4. Full Camera Projection Matrices:
- There are two camera projection matrices P1 and P2. These are 3x4 and obey the
x = PX
relation. Also,P = K[R|t]
and thereforeK_inv.P = [R|t]
(where the camera calibration has been removed). - The first matrix P1 (excluding the calibration matrix K) can be set to
[I|0]
then P2 (excluding K) isR|t
- Compute the Rotation and translation between the two cameras R, t from the decomposition of E. There are two possible ways to calculate R (
U*W*V.t
andU*W.t*V.t
) and two ways to calculate t (±third column of U), which means that there are four combinations ofRt
, only one of which is valid. - Compute all four combinations, and choose the one that geometrically corresponds to the situation where a reconstructed point is in front of both cameras. I actually do this by carrying through and calculating the resulting P2 = [R|t] and triangulating the 3d position of a few correspondences in normalised coordinates to ensure that they have a positive depth (z-coord)
5. Triangulate in 3D
- Finally, combine the recovered 3x4 projection matrices with their respective calibration matrices: P'1 = K1P1 and P'2 = K2P2
- And triangulate the 3-space coordinates of each 2d point correspondence accordingly, for which I am using the LinearLS method from here.
QUESTIONS:
- Are there any howling omissions and/or errors in this method?
- My F matrix is apparently accurate (0.22% deflection in the mapping compared to typical coordinate values), but when testing E against
x'Ex = 0
using normalised image correspondences the typical error in that mapping is >100% of the normalised coordinates themselves. Is testing E againstxEx = 0
valid, and if so where is that jump in error coming from? - The error in my fundamental matrix estimation is significantly worse when using RANSAC than the 8pt algorithm, ±50px in the mapping between x and x'. This deeply concerns me.
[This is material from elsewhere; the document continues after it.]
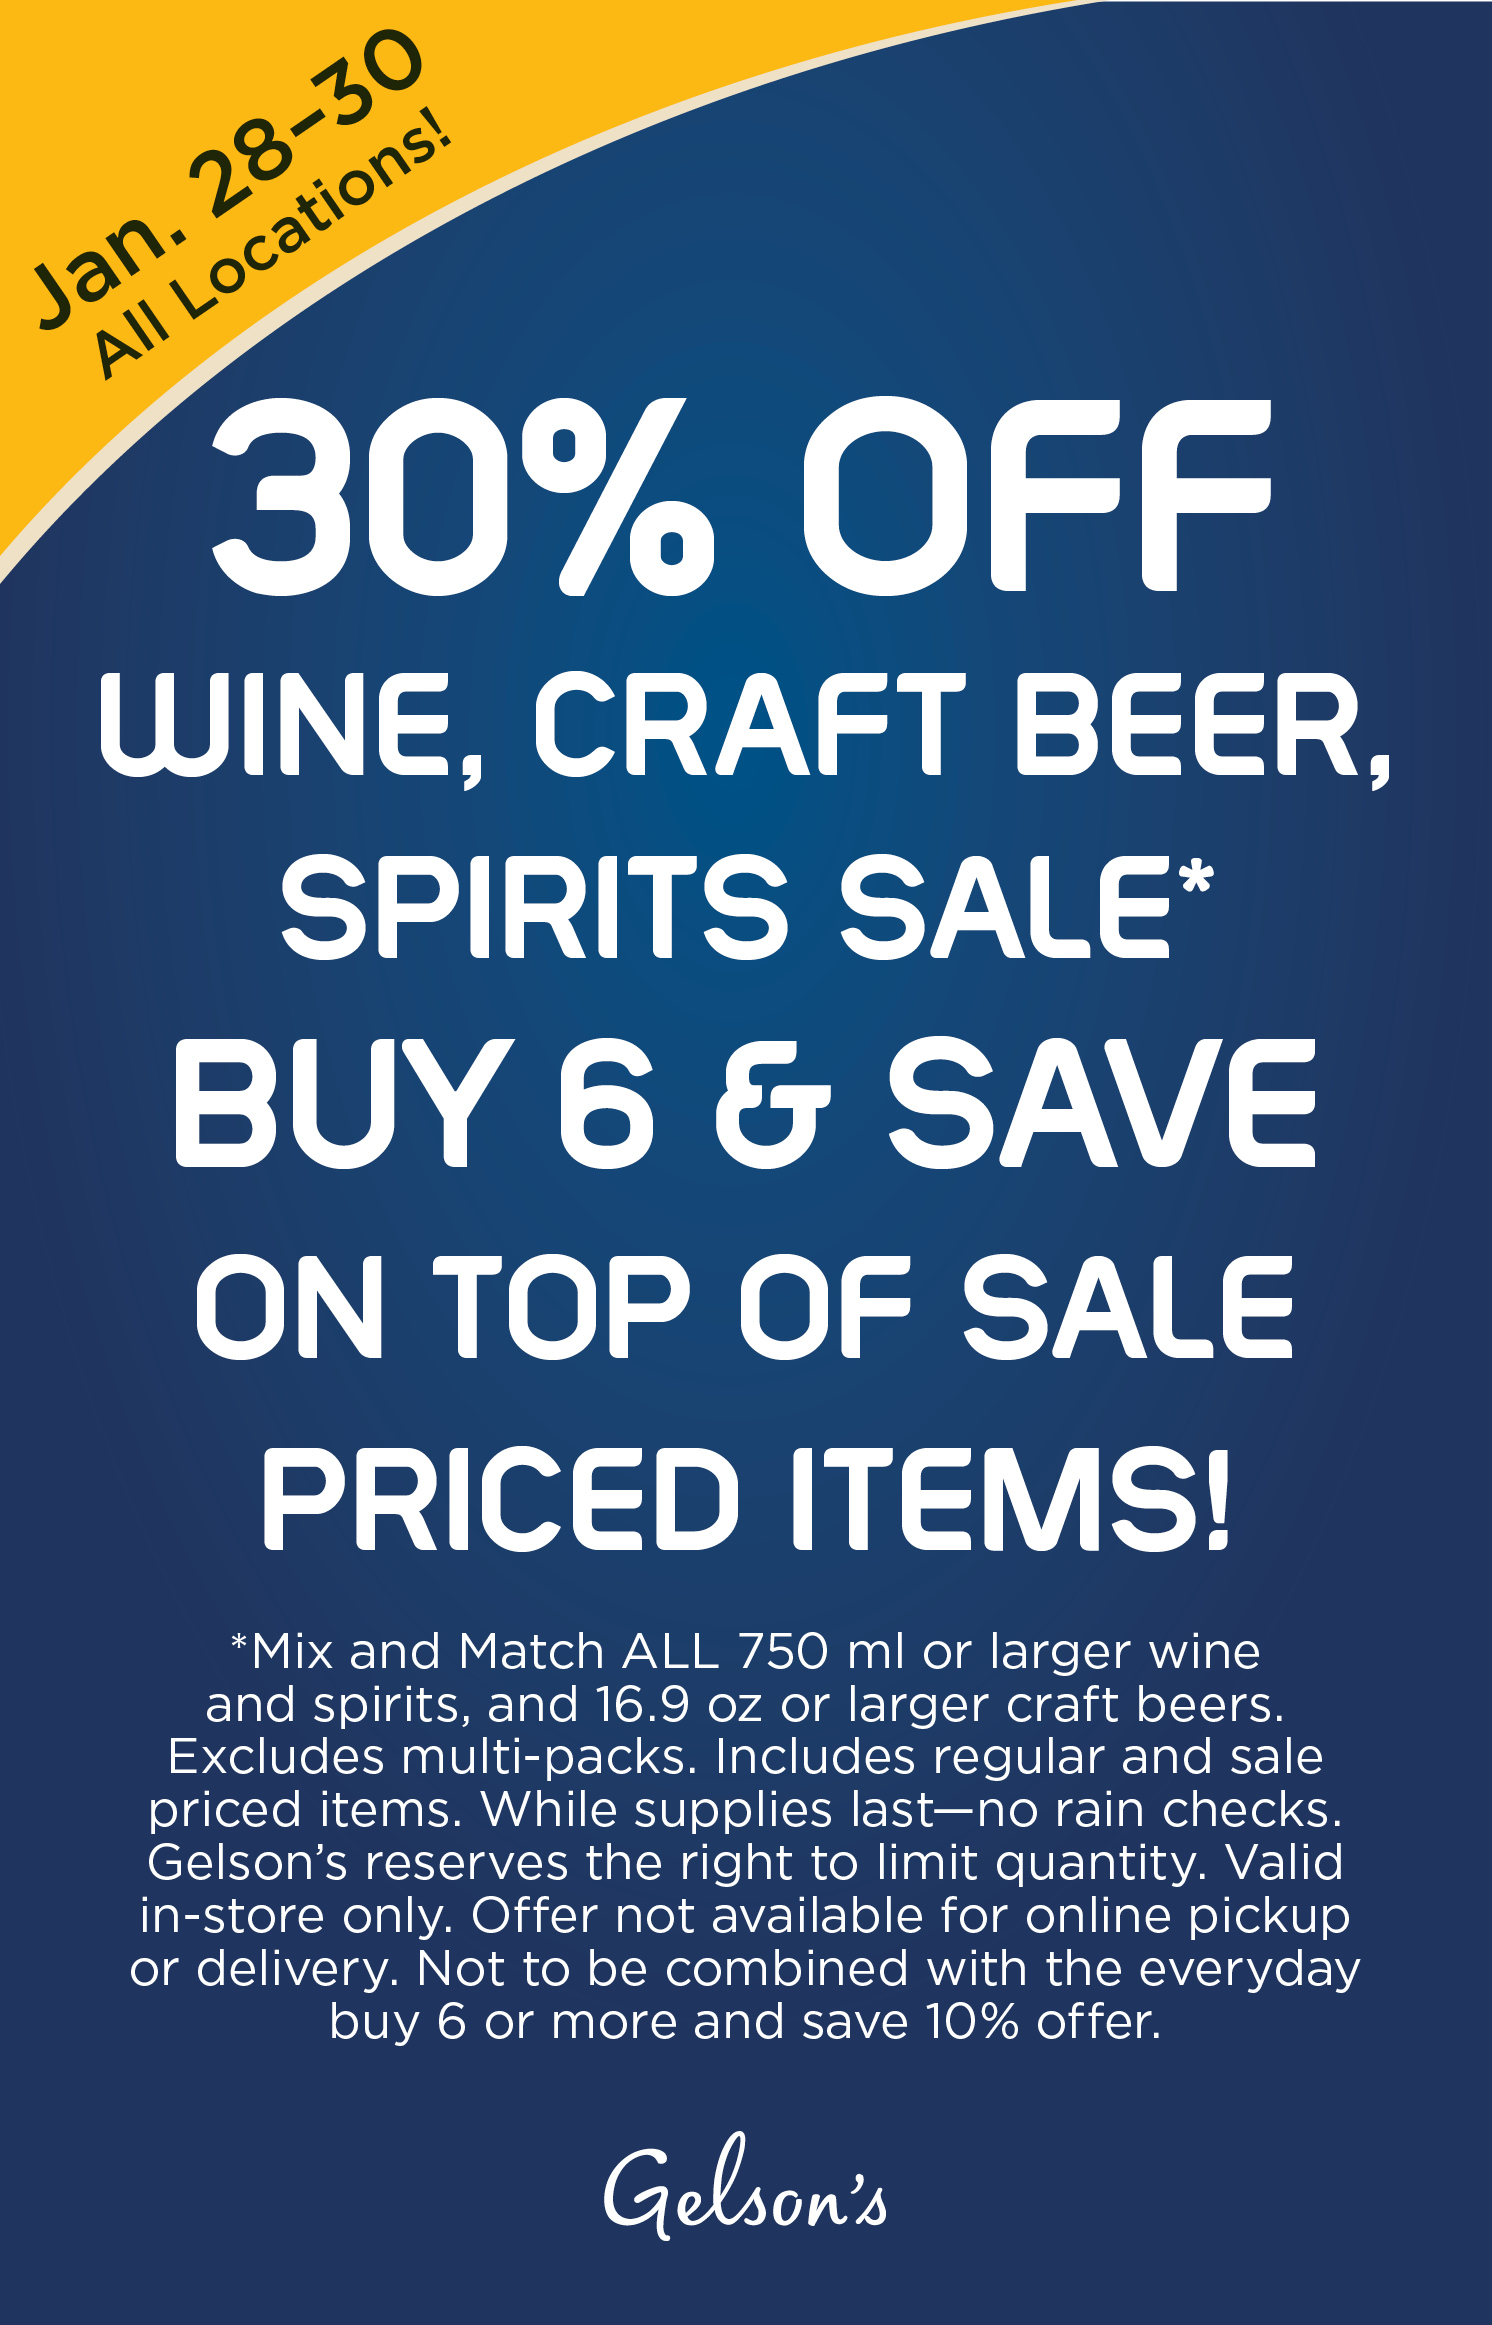 This Weekend! Enjoy our 30% Off Wine, Beer, Spirits Sale! Mix and Match ALL 750 ml or larger wine and spirits, and 16.9 oz or larger craft beers. Excludes multi-packs. Includes regular and sale priced items. While supplies last - no rain checks. Gelson's reserves the right to limit quantity. Valid in-store only. Offer not available for online pickup or delivery. Not to be combined with the everyday buy 6 or more and save 10% offer. All locations between January 28-30, 2022.

- 'Enforcing the internal constraint' still sits very weirdly with me - how can it be valid to just manufacture a new Essential matrix from part of the decomposition of the original?
- Is there a more efficient way of determining which combo of R and t to use than calculating P and triangulating some of the normalised coordinates?
- My final re-projection error is hundreds of pixels in 720p images. Am I likely looking at problems in the calibration, determination of P-matrices or the triangulation?
Using the 8pt algorithm does not exclude using the RANSAC principle. When using the 8pt algorithm directly which points do you use? You have to choose 8 (good) points by yourself.
In theory you can compute a fundamental matrix from any point correspondences and you often get a degenerated fundamental matrix because the linear equations are not independend. Another point is that the 8pt algorithm uses a overdetermined system of linear equations so that one single outlier will destroy the fundamental matrix.
Have you tried to use the RANSAC result? I bet it represents one of the correct solutions for F.
Again, if F is degenerated, x'Fx = 0 can be for every point correspondence.
Another reason for you incorrect E may be the switch of the cameras (K1T * E * K2 instead of K2T * E * K1). Remember to check: x'Ex = 0
It is explained in 'Multiple View Geometry in Computer Vision' from Hartley and Zisserman. As far as I know it has to do with the minimization of the Frobenius norm of F.
You can Google it and there are pdf resources.
No as far as I know.
Your rigid body transformation P2 is incorrect because E is incorrect.